Where it matters most

Five categories of policy change cause eighty per cent of investment write-downs in renewables. Connection queue reform. Contracts-for-difference design. Planning rule changes. REPower-style fast-track regimes. Consenting timelines. Horizon Policy is built around those five and a small number of adjacent categories: capacity-market design, ancillary-services procurement reform, BESS-specific regulation, hydrogen and CCS subsidy regimes, and grid-loss methodology changes.

The first four are forecastable from the documentary record to a useful resolution — useful here meaning calibrated intervals tight enough to drive go/no-go decisions on individual projects and across whole portfolios. The fifth (consenting timelines) is harder, because the chain involves caseload pressure, political calendars and individual planning-officer behaviour, none of which sit cleanly in the documentary record. We model it explicitly with wider intervals, and flag the wider intervals to the user.

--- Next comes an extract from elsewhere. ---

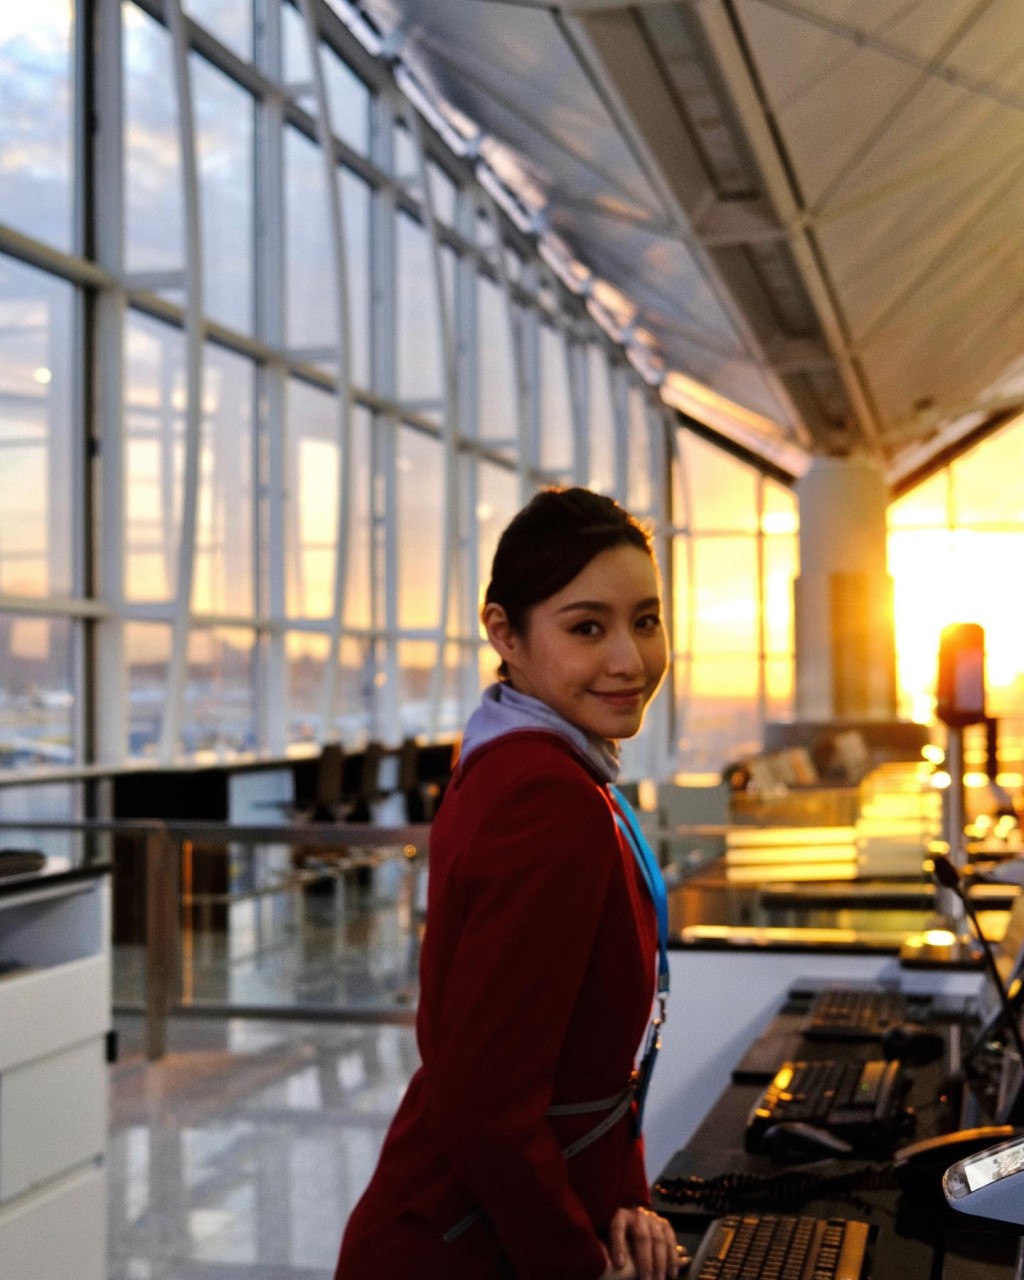 雖然蘇可欣在TVB發展看似有不少機會，但早前她透露未考慮續約，有意重返航空業。
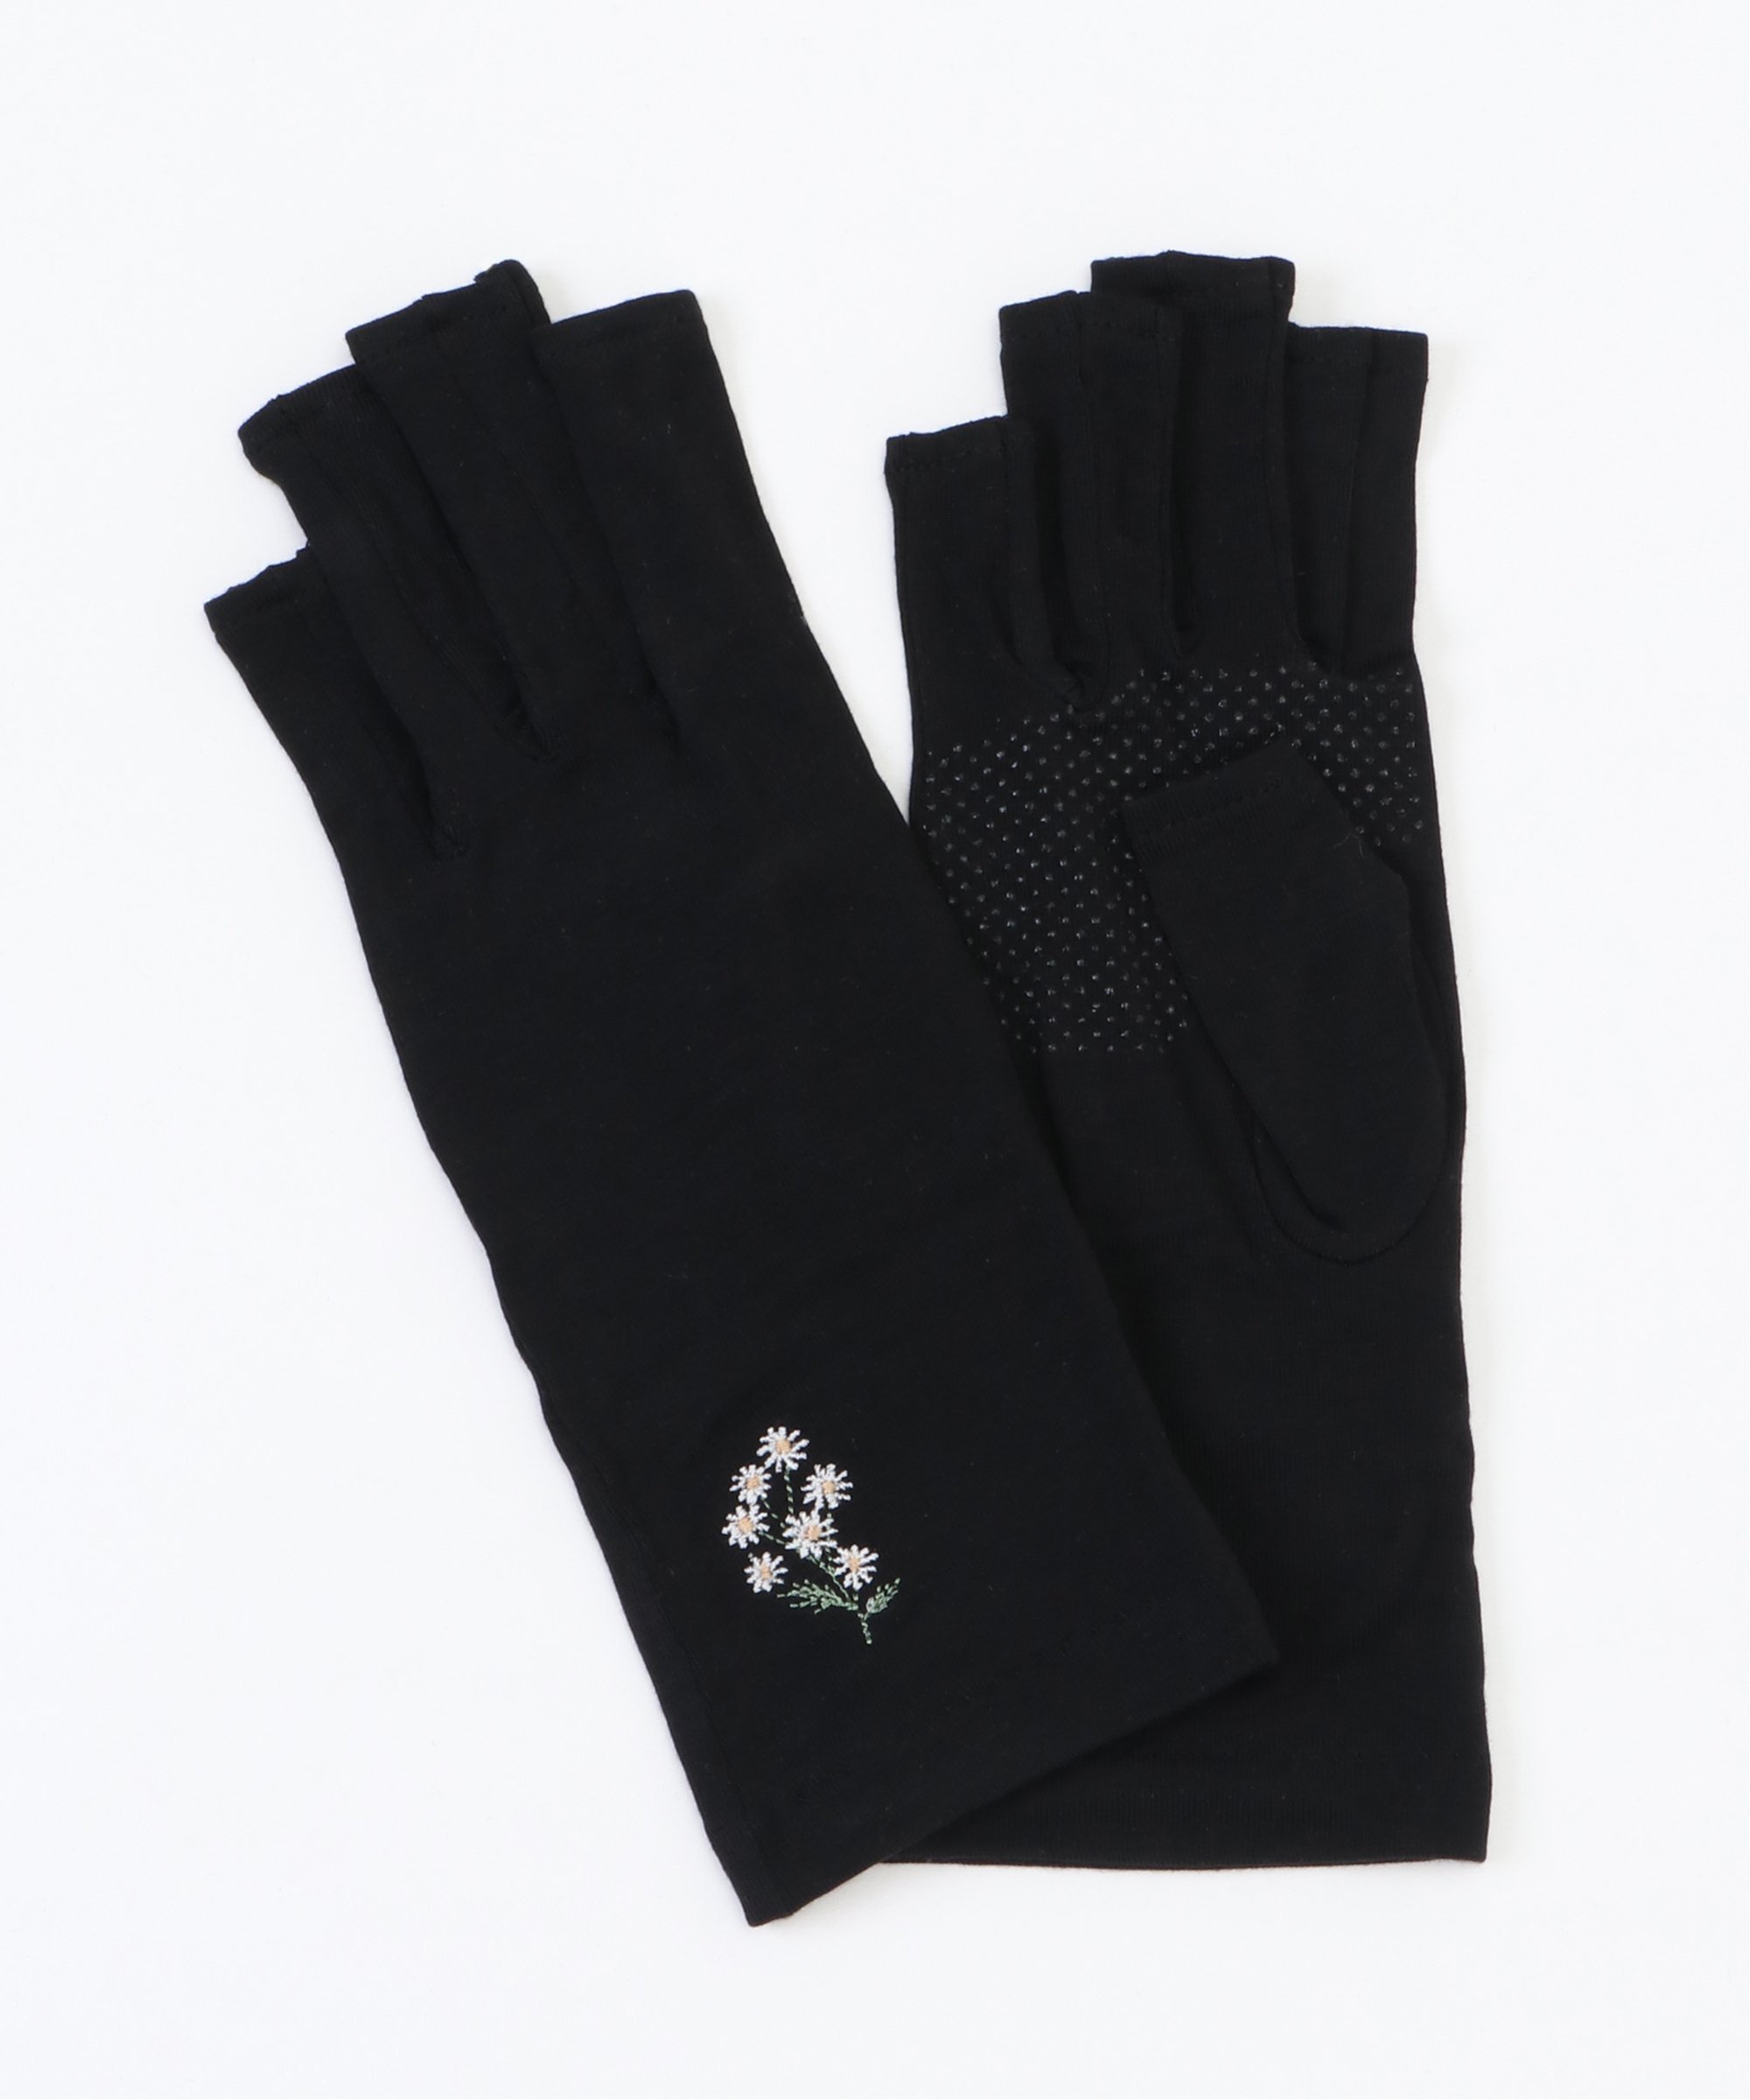 感謝価格 手袋 UVグローブ ショート 竹繊維刺繍1 529円

What buyers actually do with it

The temptation, when describing a forecasting system, is to make the outputs sound oracular. Real users do something less dramatic and considerably more useful. They lock optionality clauses in EPC contracts whose value depends on a probabilistic policy outcome. They stage capex on policy probability triggers. They walk away from sites whose viability depends on a rule that the model assigns under 35% probability inside the relevant window. They re-discount portfolios whose anchor projects have queue dates implicitly conditioned on a rule that has not yet been written.

None of this requires the model to be right about specific instruments. It requires the model to be calibrated — that is, the 35% probabilities really do turn out to materialise about thirty-five per cent of the time, the 70% probabilities materialise about seventy per cent of the time, and the wider intervals on thinly evidenced classes are honest about the system's actual uncertainty. Calibrated probabilistic outputs change capital decisions; uncalibrated point forecasts do not.

What this isn't

Horizon Policy does not, and will not, do three things. It does not produce single-number forecasts: there is no output that says "the connection queue reform will happen in Q3 2026." It does not produce off-the-record outputs that lack provenance trails: every forecast is supported by the documents in the chain. And it does not produce confidence-only scores without calibration evidence: every score is shipped with its calibration class and recent calibration history. If a system gives you the first three without the third, it is selling certainty, and certainty about future policy is for sale only at very poor prices.

Methodology · v3.4 The full mathematical specification — corpus construction rules, event-graph edge weights, the language-model fine-tune used for chain extraction, and the calibration-scoring protocol — is published in the Library under Methodology v3.4. Outcome ledgers are available to clients on request and are inspected as part of standard onboarding.